** Description of the task **
All of the data below should be printed again word for word, pictures excluded.

** Information supplied **
****

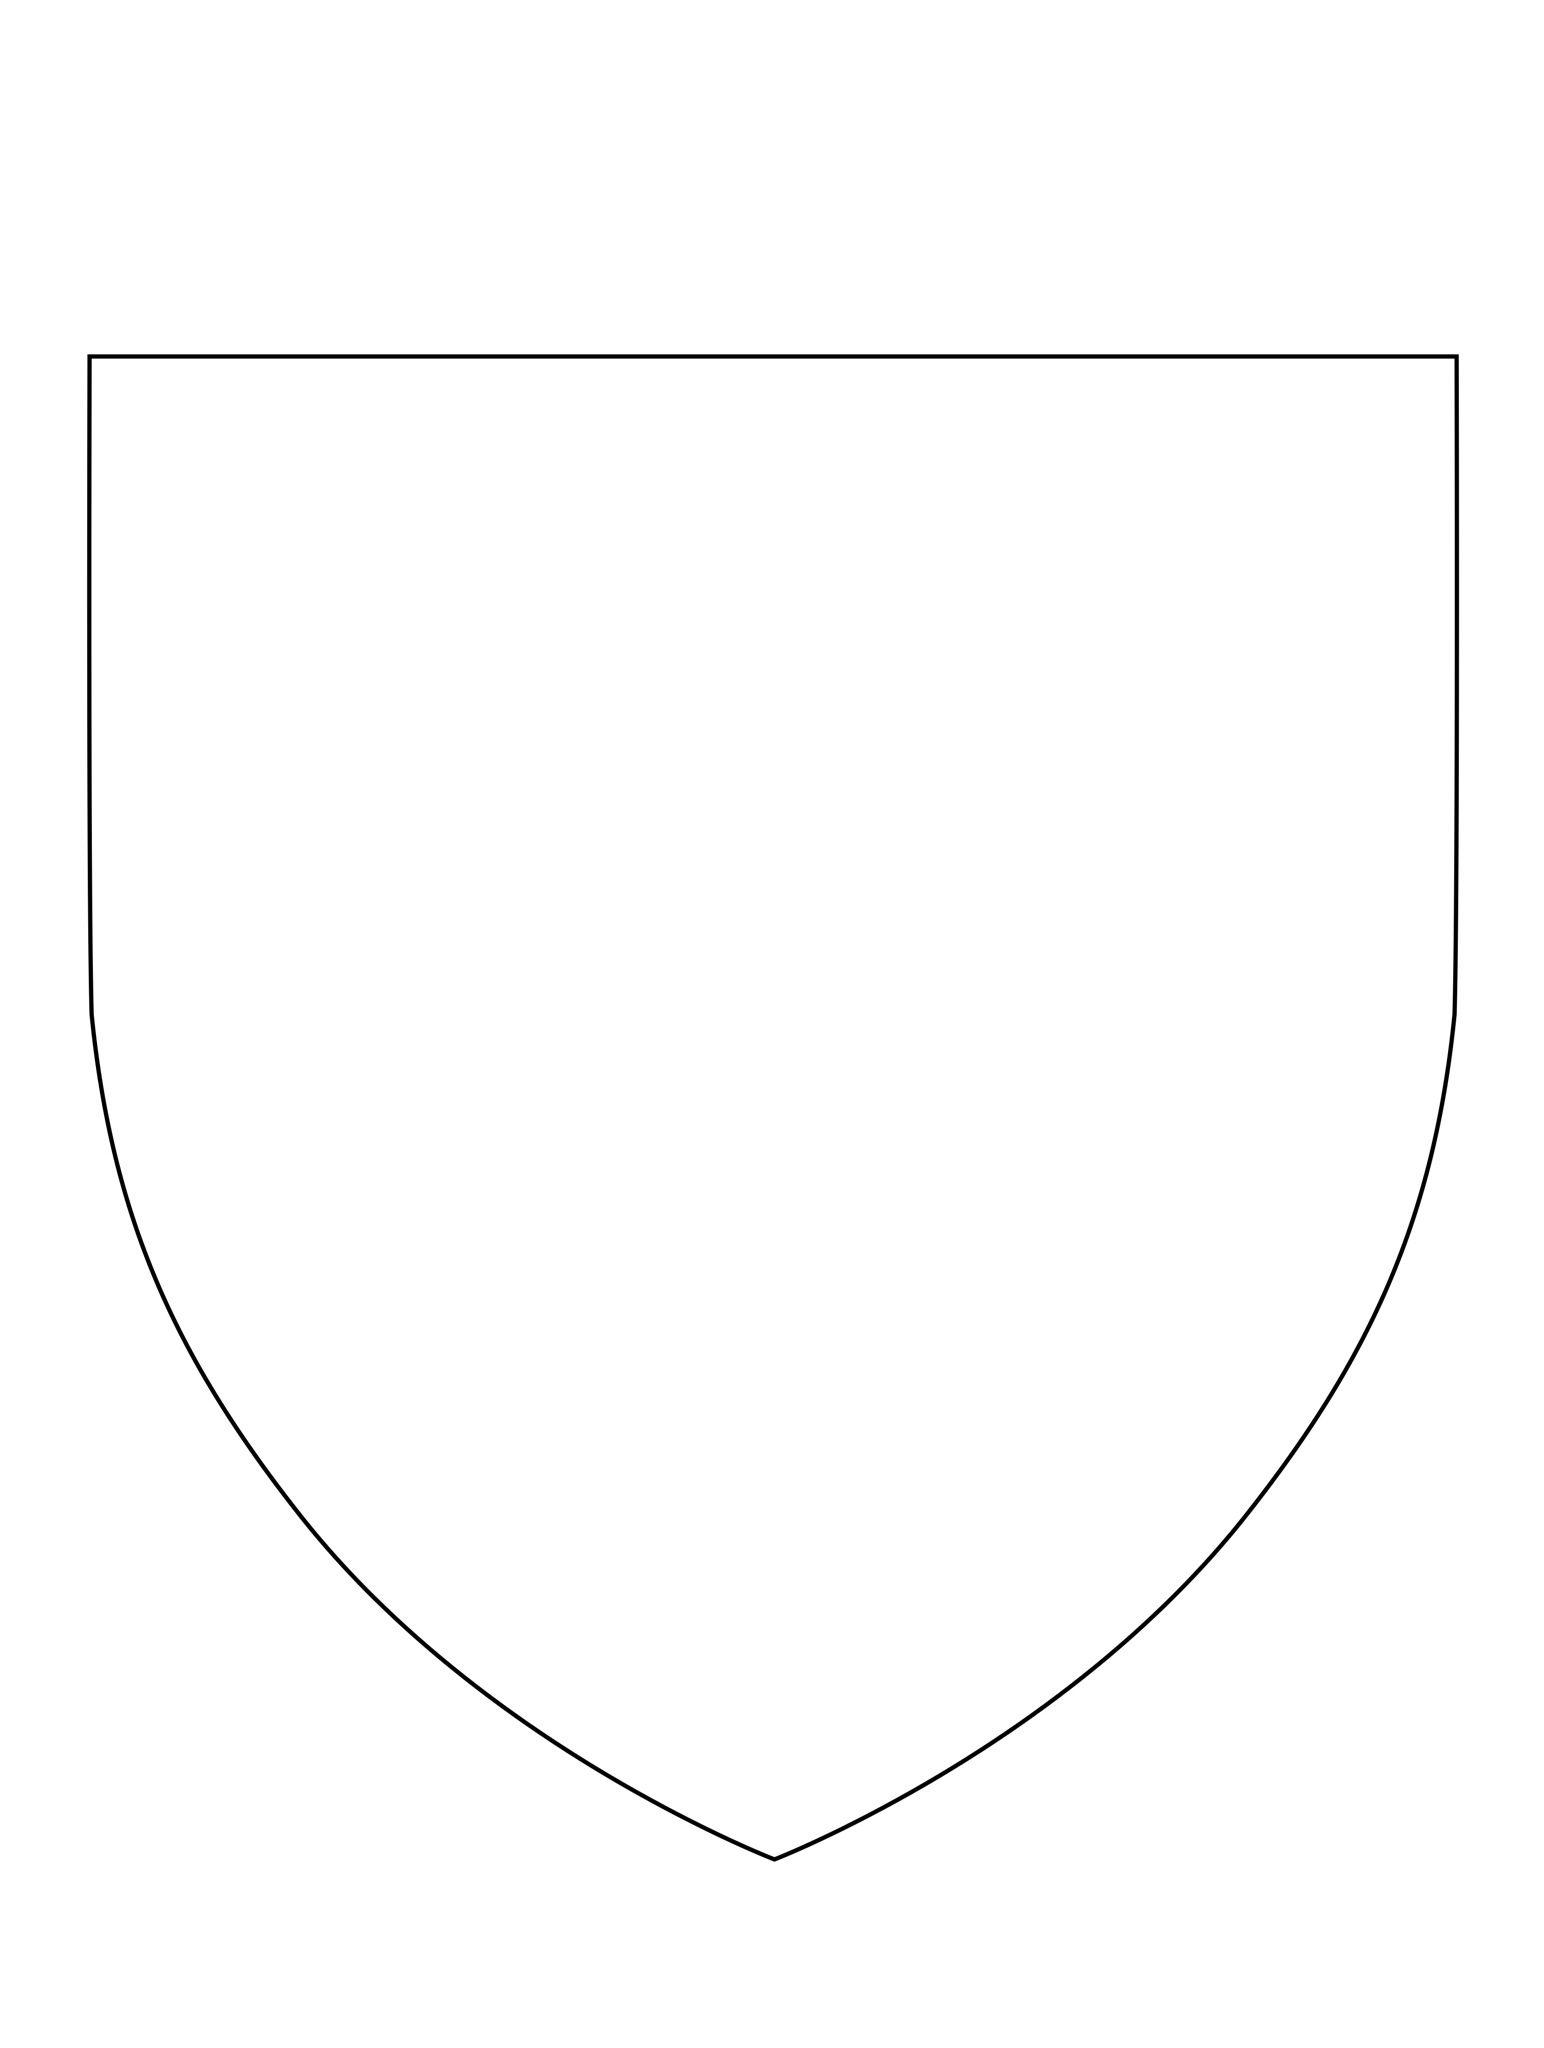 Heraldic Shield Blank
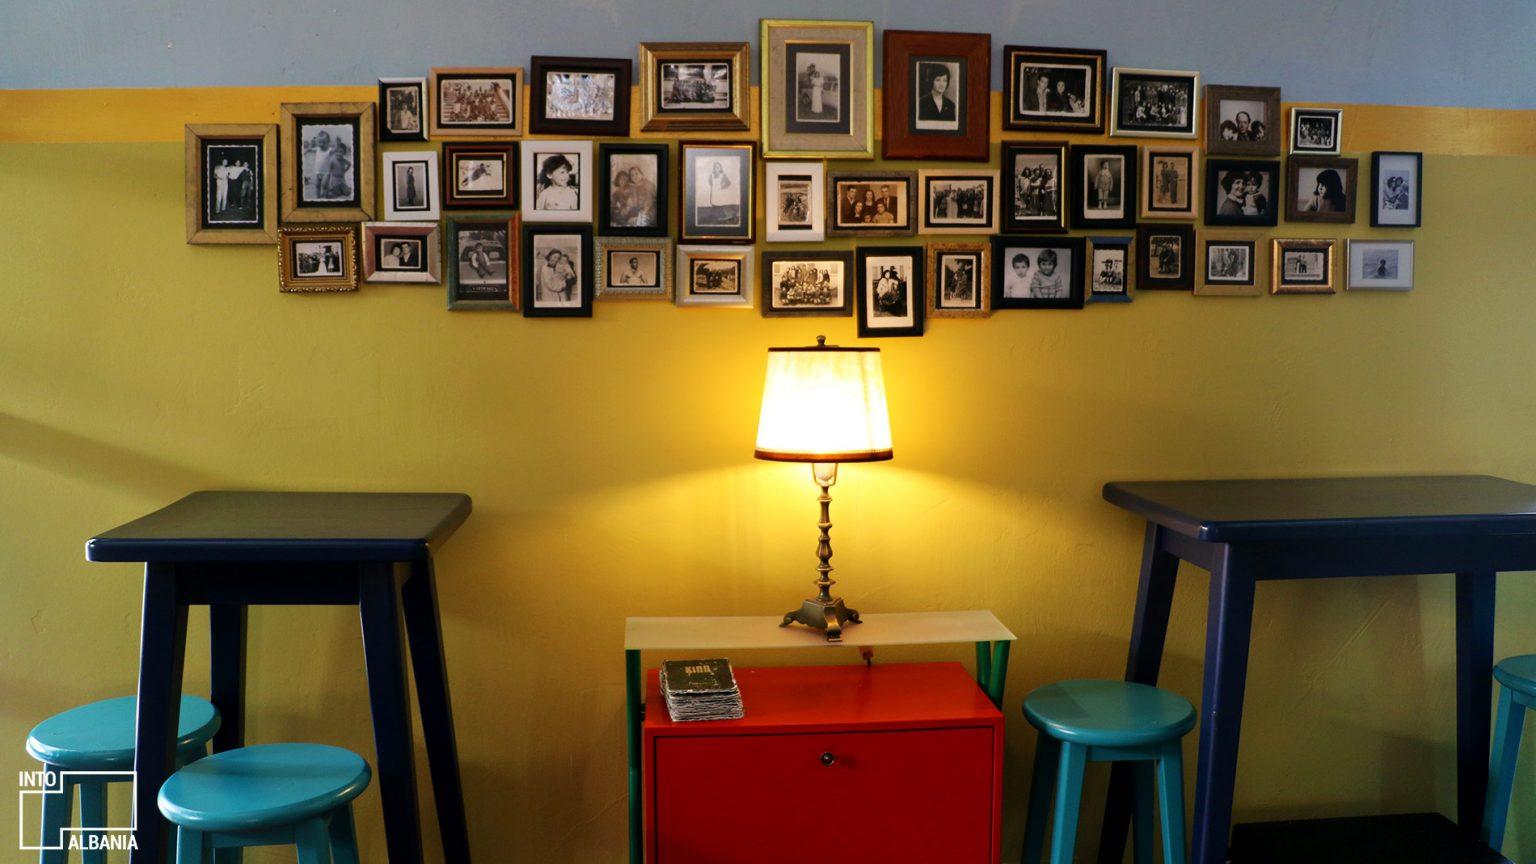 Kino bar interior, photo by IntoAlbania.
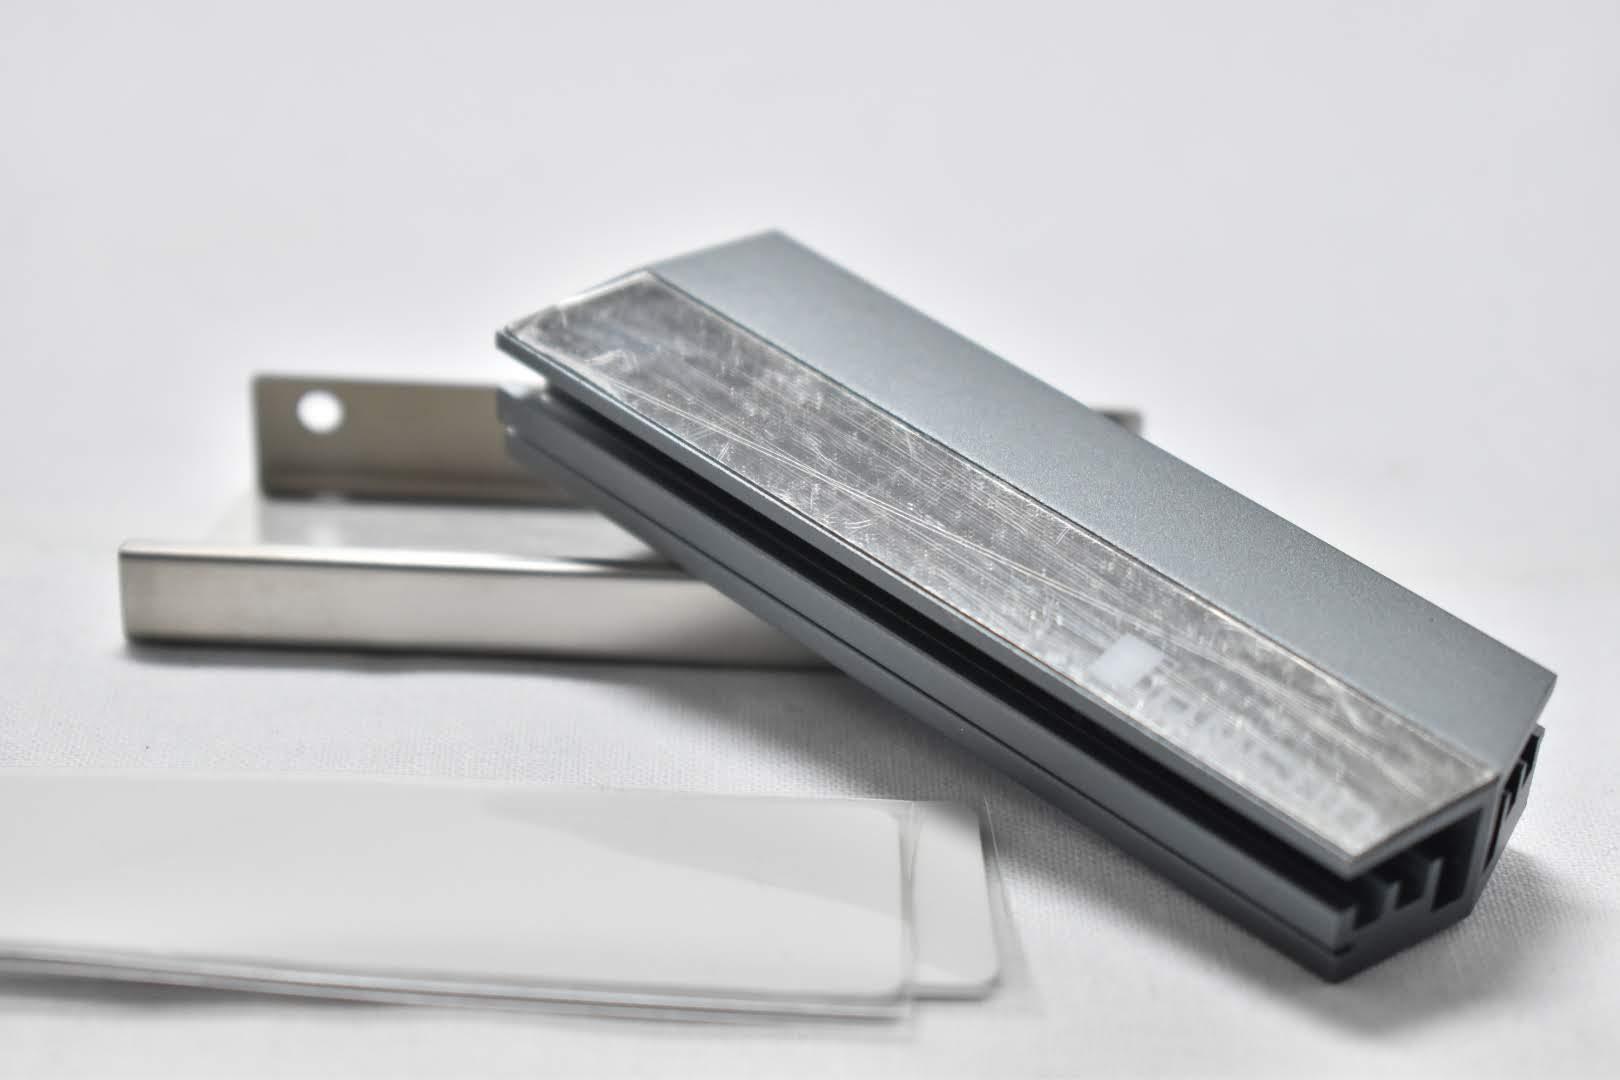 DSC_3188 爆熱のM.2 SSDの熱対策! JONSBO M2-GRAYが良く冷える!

****

** Answer to the exercise **
 Heraldic Shield Blank
 Kino bar interior, photo by IntoAlbania.
 DSC_3188 爆熱のM.2 SSDの熱対策! JONSBO M2-GRAYが良く冷える!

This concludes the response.